Pacers shooting 29% yet only down 8, thanks to poor officiating. And people like Rick Carlisle sure know how to suck the FUN out of basketball with their sorry play calling. I hate this control freak.


----------



## RoRo (Aug 21, 2002)

wow what on earth is going on with tyson, he's terrible tonight.


----------



## Pippenatorade (Dec 29, 2005)

Tyson Chandler:

Points 0
Rebounds 0
Fouls 5
Keeping him, paying him 10 mill+ per year and trading Eddy Curry = Priceless


----------



## lgtwins (May 18, 2004)

RoRo said:


> wow what on earth is going on with tyson, he's terrible tonight.


He's been terrible for a long time. We got stuck with the most inferior part of three C, i guess. I can't wait to see Paxon to get rid of the final piece of 3C.


----------



## Pippenatorade (Dec 29, 2005)

RoRo said:


> wow what on earth is going on with tyson, he's terrible tonight.

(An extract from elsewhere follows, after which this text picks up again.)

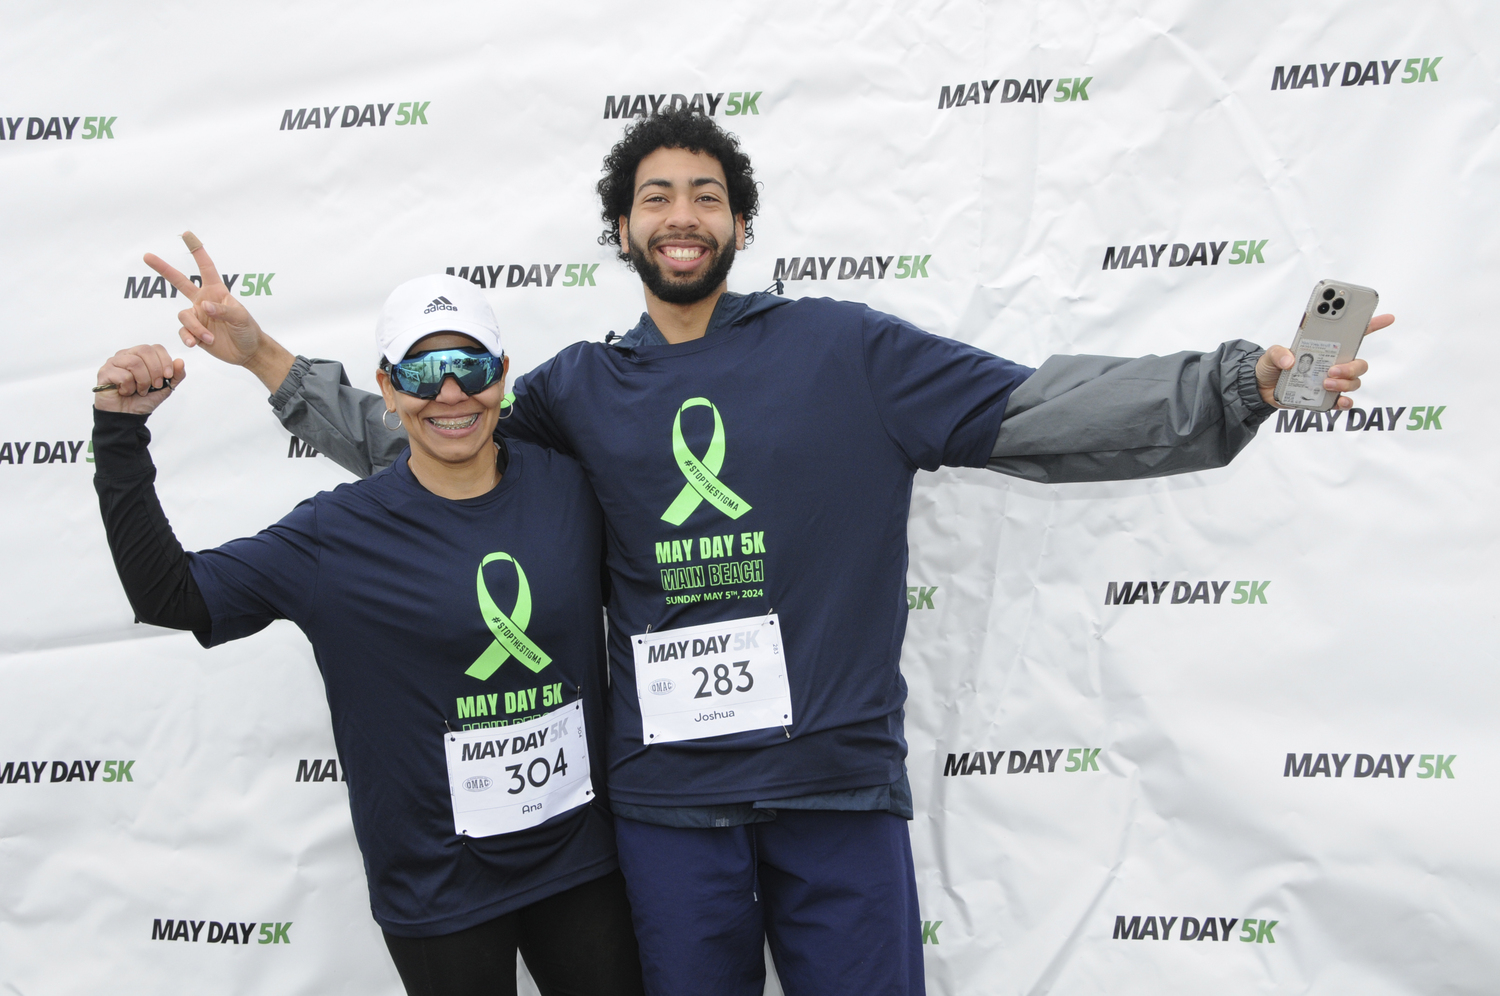 Ana Julia Garcia and Joshua Vargas at East Hampton's Main Beach early on Sunday morning, to prepare for the start of the annual May Day 5K Run, this year benefiting The Tyler Project (tylerproject.org). Over 900 people signed up for the Run, founded in 2021 by East Hampton High School runners Ryleigh O'Donnell and Dylan Cashin, to coincide with Mental Health Awareness Month. East Hampton Village Mayor Jerry Larsen, Village Administrator Marcos Baladron, Jennifer Fowkes of the Old Montauk Athletic Club and Bradford Billet of the East Hampton Village Foundation provided support for the Run.  RICHARD LEWIN

Ummm I think his effort, heart and determination are what set him apart from that pud that we traded. I mean come on. We all know that stuff like fist pumping, screaming and drawing technicals is what effort is all about. He's a legit full-time center and that other guy was just holding his REAL game back. Anyone who does not agree just does not like things like facts, and logic.


----------



## lgtwins (May 18, 2004)

Pippenatorade said:


> Tyson Chandler:
> 
> <b>Points 0
> Rebounds 0
> ...


Aren't you tired of singing the same tune? And then I couldn't agree with you more for the bolded part. But still I refuse to see the whole summer fiasco as Paxon's trading away Curry to keep Chandler. His plan was to keep them both. It just turned out quite diffrently. Why some of us refuse to see it that way is beyond me?


----------



## RoRo (Aug 21, 2002)

Pippenatorade said:


> Ummm I think his effort, heart and determination are what set him apart from that pud that we traded. I mean come on. We all know that stuff like fist pumping, screaming and drawing technicals is what effort is all about. He's a legit full-time center and that other guy was just holding his REAL game back. Anyone who does not agree just does not like things like facts, and logic.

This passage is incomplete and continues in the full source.